Les élections semblent avoir été déclenchées par un désaccord autour du budget présenté par le PQ, auquel se sont opposés les libéraux et la CAQ. Suivant les recommandations de la plus grande association de patrons de la province, le Conseil du patronat du Québec, qui prônait la réduction de la générosité de nos programmes sociaux, le budget du gouvernement proposait une suite de coupures dans les services sociaux, remplacés par des investissements dans des secteurs profitables comme l’exploitation des gaz de schiste. Le budget suggère d’augmenter le prix des garderies de 7$ par jour à 9$, de réduire le nombre de commissions scolaires, d’augmenter les tarifs d’Hydro-Québec et d’investir dans l’exploration du gaz de schiste sur l’île d’Anticosti. Les augmentations des tarifs des garderies et d’Hydro-Québec à elles seules coûteront 500$ par année à une famille d’un seul enfant. Le budget suggère de ré-ouvrir la convention collective des médecins de la province pour étaler les augmentations des deux prochaines années sur une plus longue période. Ces propositions ont causé un choc et ont été dénoncées par le mouvement ouvrier et les employé(e)s des garderies.

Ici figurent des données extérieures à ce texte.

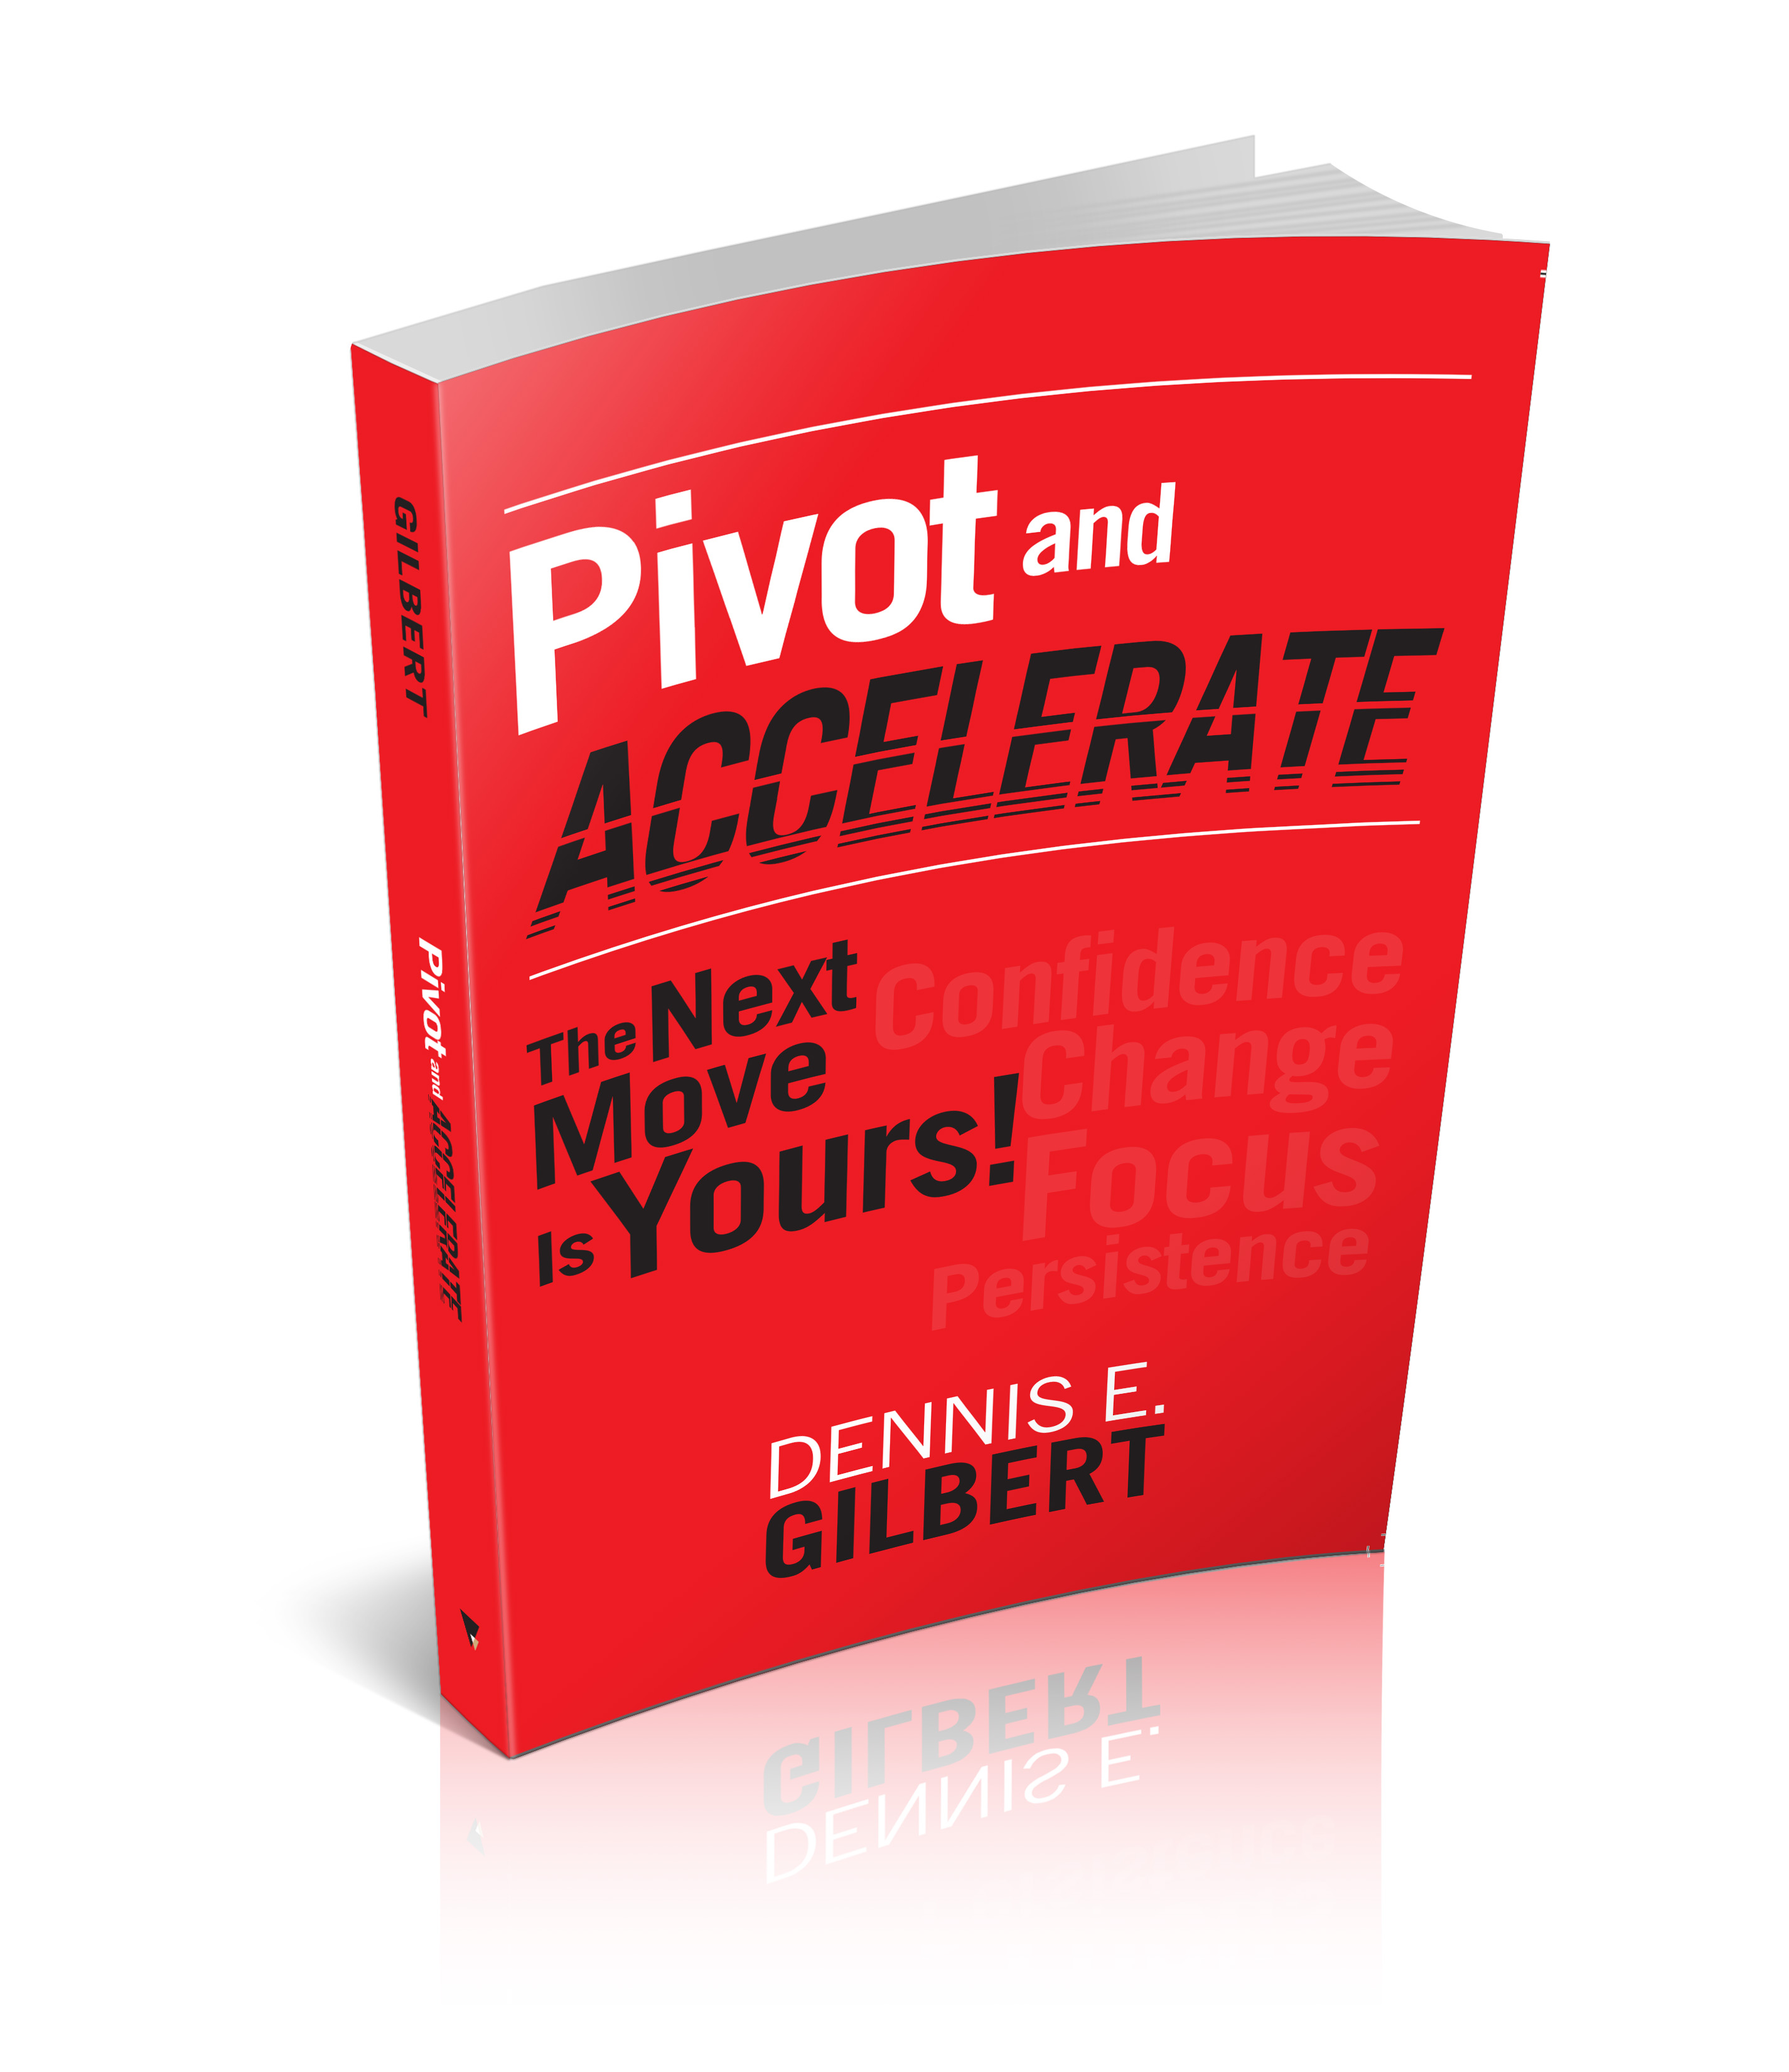 Pivot and Accelerate Dennis Gilbert

Comme les pressions de la crise économique empêchent le Parti Québécois de maintenir l’illusion qu’ils représentent à la fois les intérêts des capitalistes et des travailleurs, ils ont décidé, ce qui a changé les enjeux de la campagne, de recruter le milliardaire destructeur de syndicats Pierre-Karl Péladeau, qui se présentera dans la circonscription de Saint-Jérôme. Péladeau est l’actionnaire majoritaire de Québécor, le conglomérat médiatique qui contrôle près de 40% des médias de la province, ce qui inclut Vidéotron, TVA, plusieurs journaux et le réseau Sun. Sous sa gouvernance, la compagnie a envoyé ses employés en lock-out pas moins de 14 fois ! Il a aussi présidé à la création du réseau de droite Sun news qui est connu comme étant le « Fox news du Canada ». Les médias de Québécor étaient parmi les plus vicieux opposants du mouvement étudiant de 2012.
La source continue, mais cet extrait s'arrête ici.